Le régime de retraite anticipée pour les « longues carrières » est un système qui évolue à contre-courant du système de retraite français .

En effet, depuis plusieurs années, la situation économique et l’évolution démographique conduisent à une « régression » des conditions de retraite dont bénéficient les assurés sociaux :

  • augmentation du âge de la retraite,
  • augmentation du nombre de trimestres d’assurance nécessaires,
  • augmentation des cotisations de vieillesse,
  • gel du montant des pensions…

Qu’il s’agisse de l’État (pension de base) ou des partenaires sociaux (pension complémentaire ARRCO/AGIRC), ils réitèrent tous la nécessité de « réduire les dépenses pour maintenir la viabilité des systèmes de retraite ».

Mais paradoxalement, alors que les mesures « d’austérité » se multiplient, le système de départ anticipé pour les « longues carrières » (qui représente un coût important pour les régimes car il permet de bénéficier avant l’âge légal du versement de sa pension de retraite) est maintenu. Mieux, plusieurs réformes successives ont permis, sinon de l’améliorer, au moins d’élargir le champ des bénéficiaires.

Départ anticipé pour sa « longue carrière » : qui peut en bénéficier ? Dans quelles conditions ?

L’objectif de la retraite anticipée carrières »vise à permettre aux assurés ayant travaillé toute leur vie, et ce dès leur plus jeune âge, de reporter leur date de retraite avant l’âge légal (désormais fixé à 60-62 ans selon la génération).

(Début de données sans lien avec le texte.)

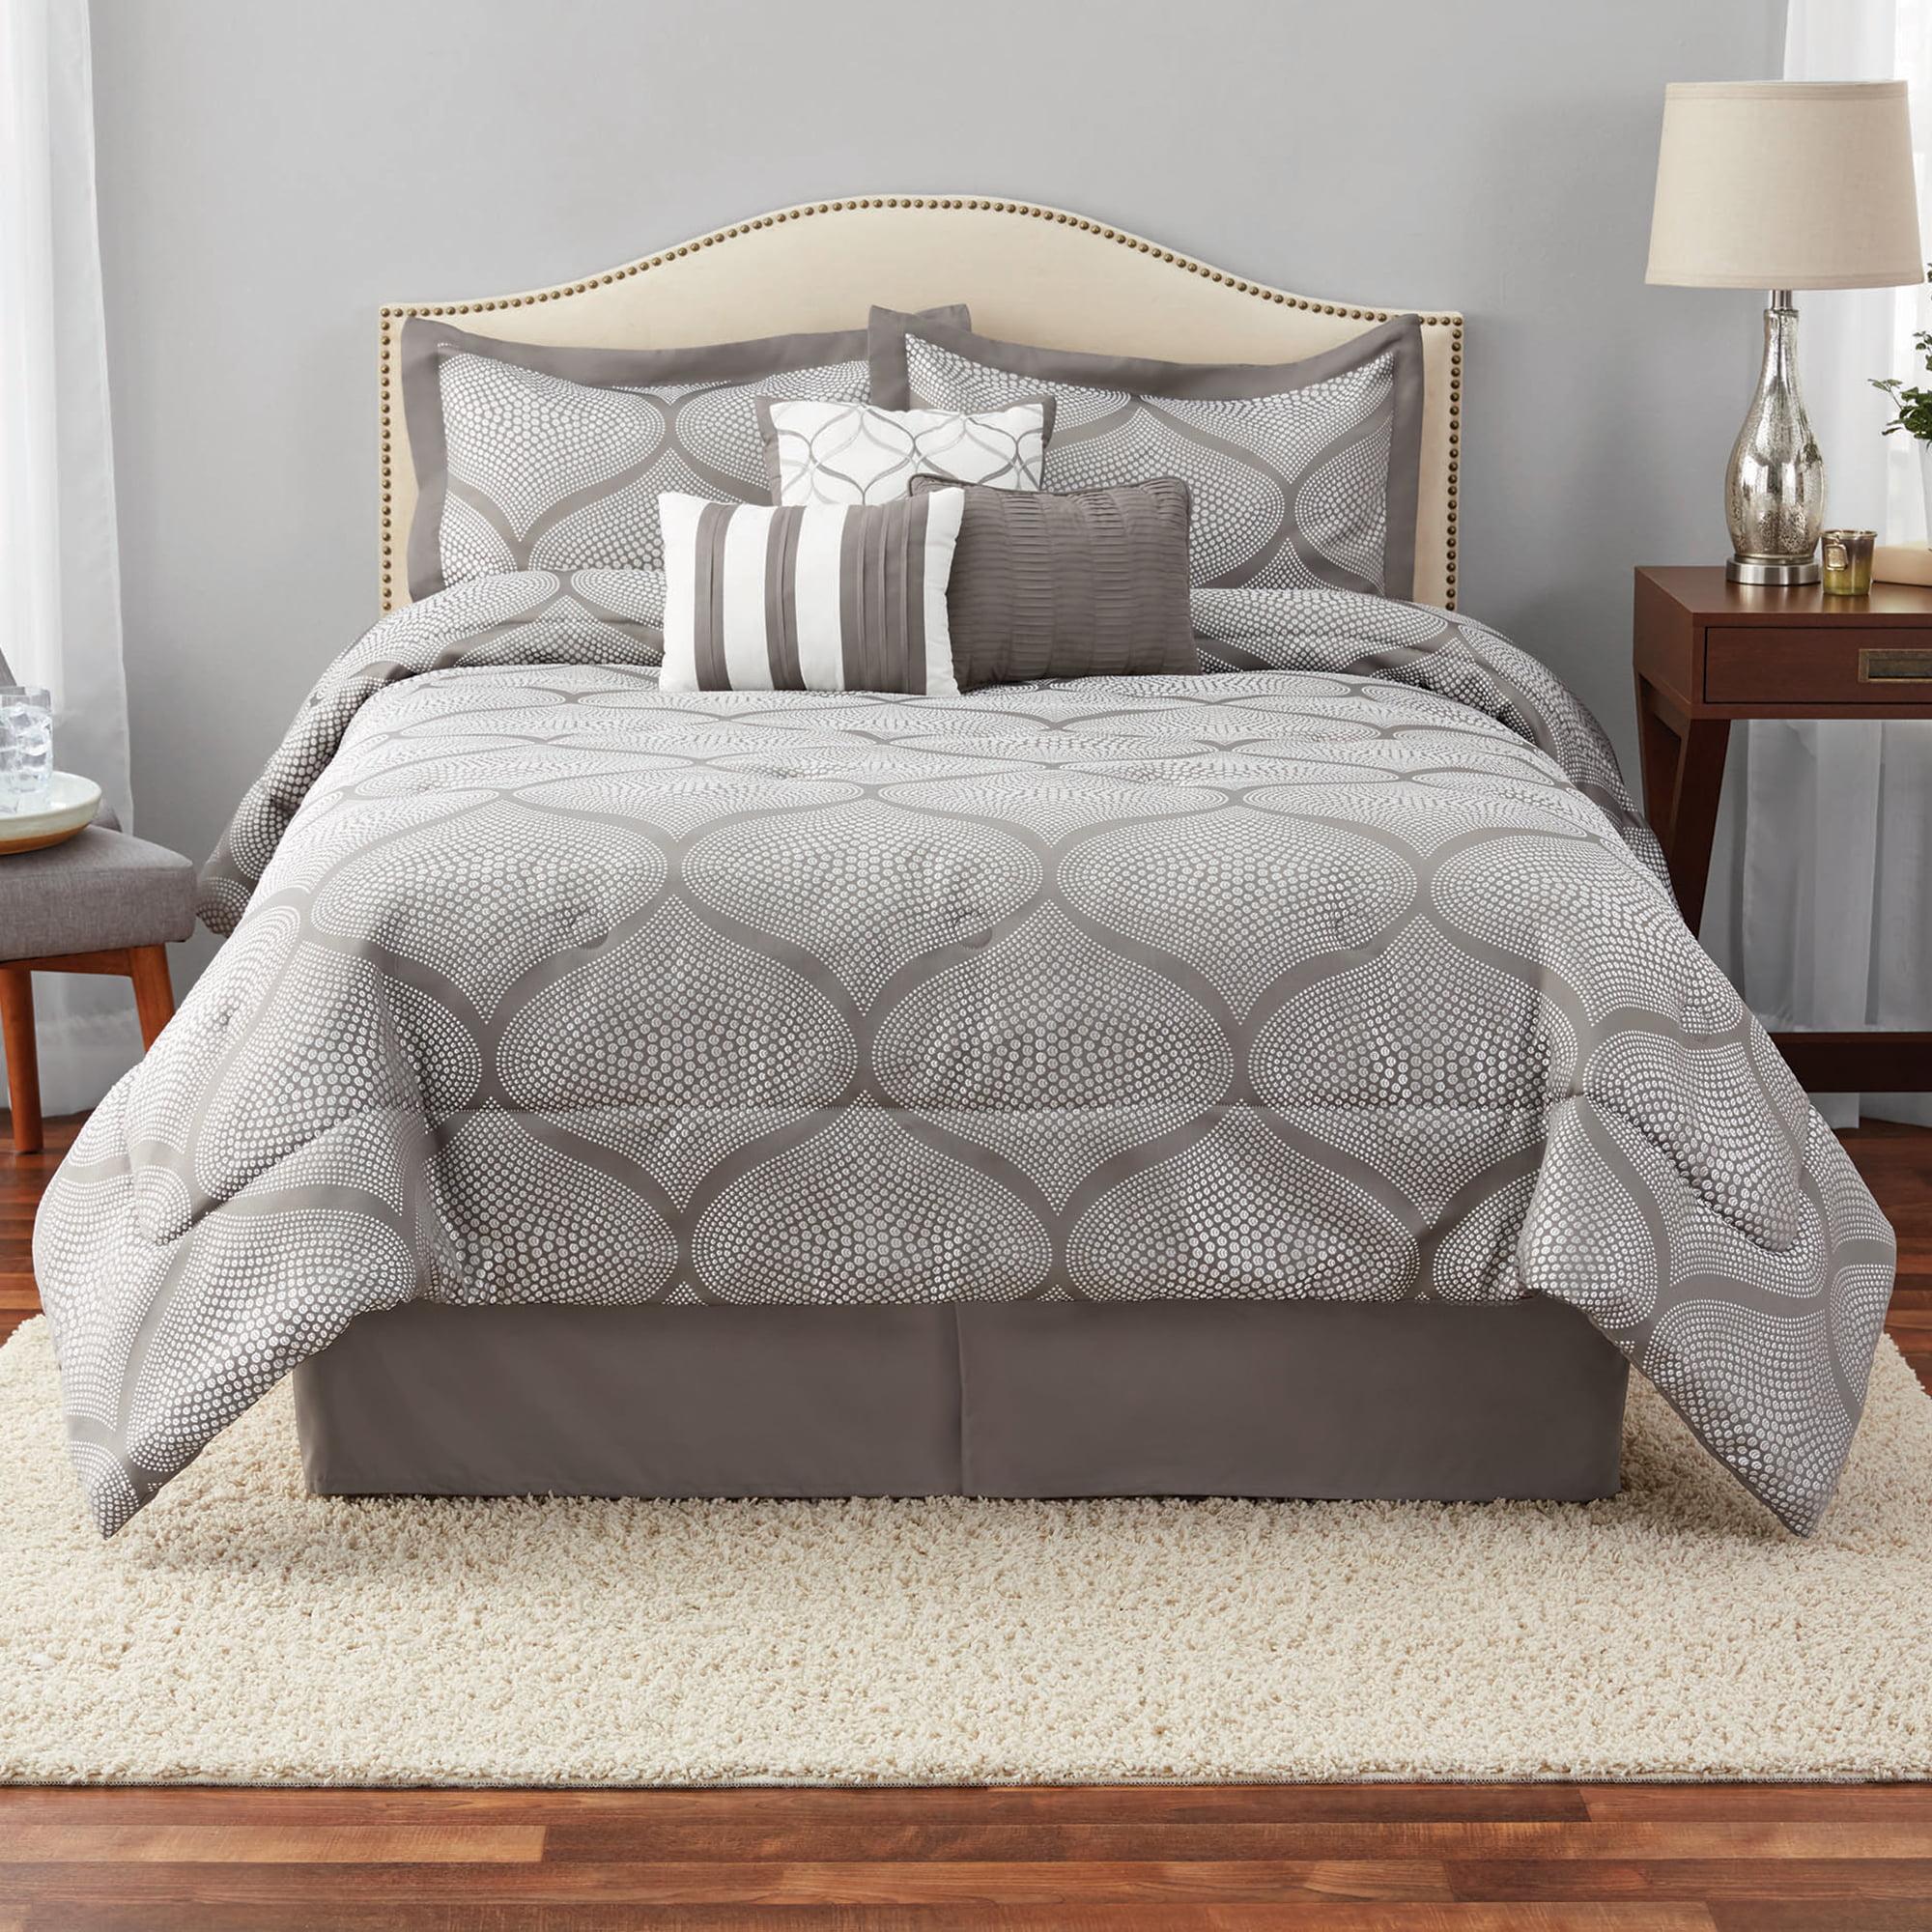 Mainstays Damask 7 Piece Comforter Set with Bedskirt by E & E CO LTD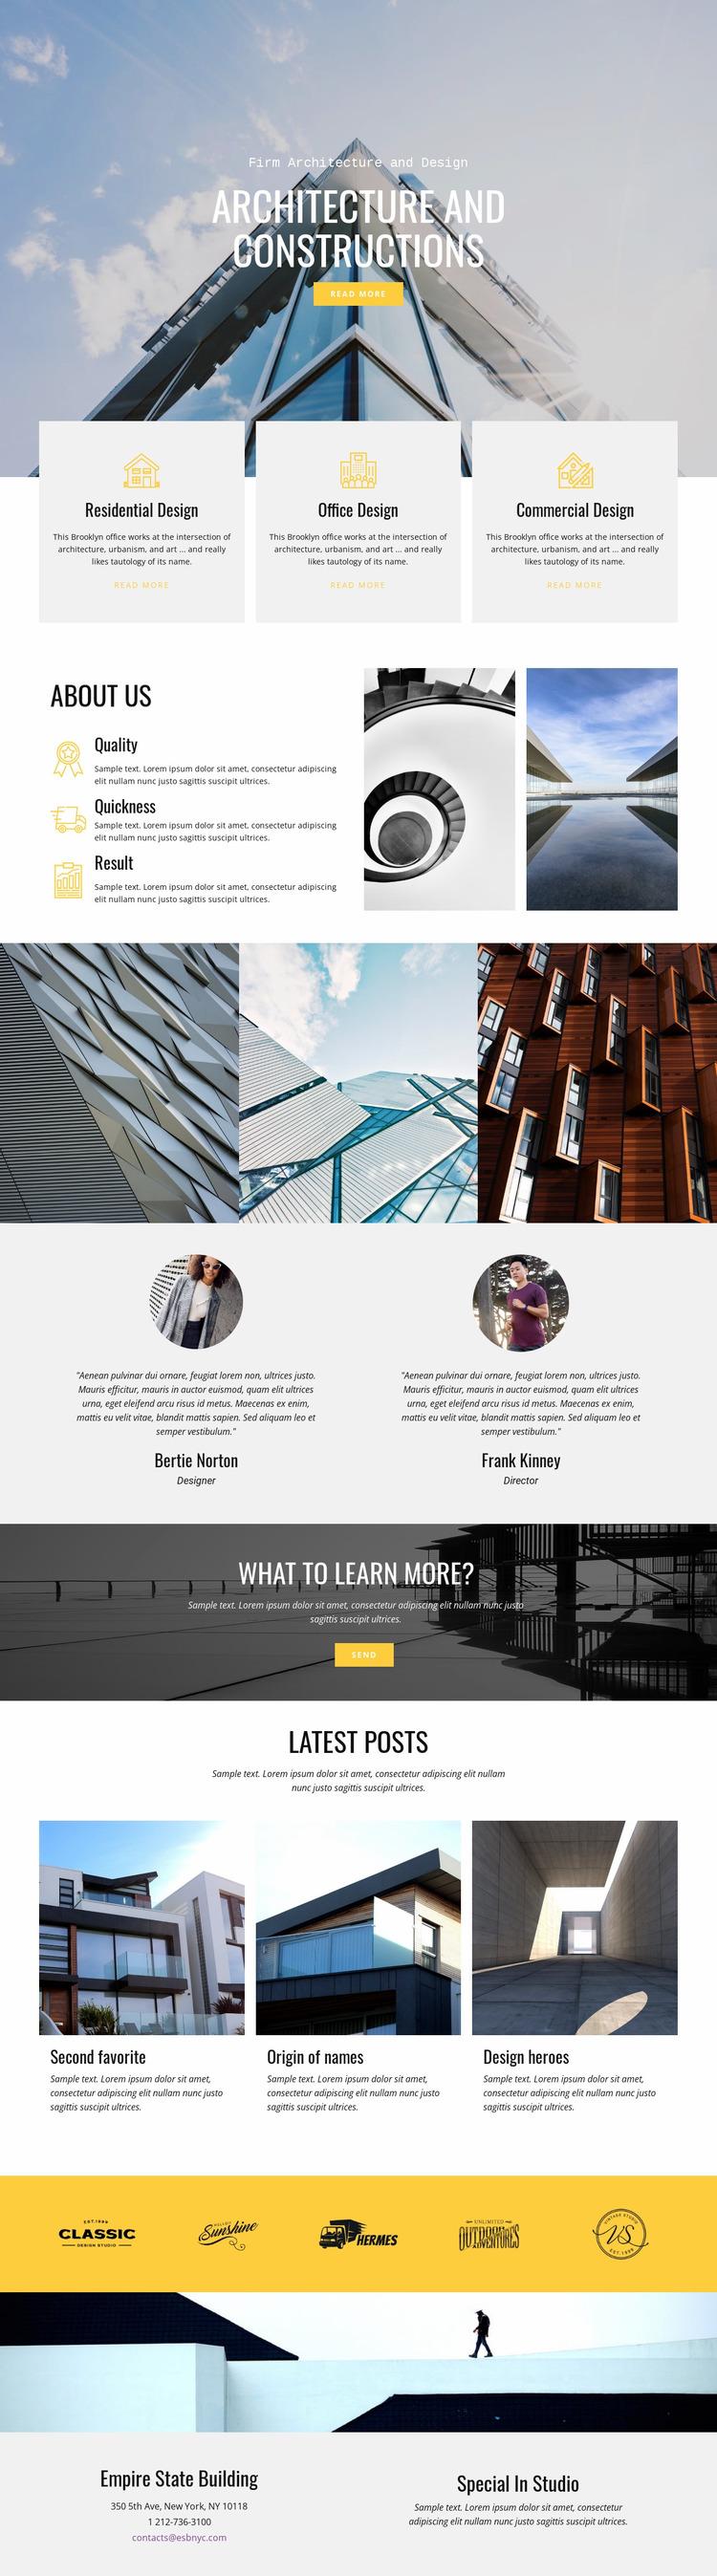 Constructive architecture Website Mockup

Pour en bénéficier, un certain nombre de conditions doivent être remplies :

  • Vous avez commencé votre activité professionnelle avant un certain âge

Depuis le 1er novembre 2012 (décret n° 2012-847 du 2 juillet 2012), l’âge de début d’activité requis pour pouvoir bénéficier d’un départ anticipé pour des « longues carrières » est fixé à 20 ans maximum. Ainsi, le salarié doit justifier, à cet âge, au moins 5 trimestres validés1 auprès de l’assurance vieillesse (4 trimestres s’il est né au cours du dernier trimestre).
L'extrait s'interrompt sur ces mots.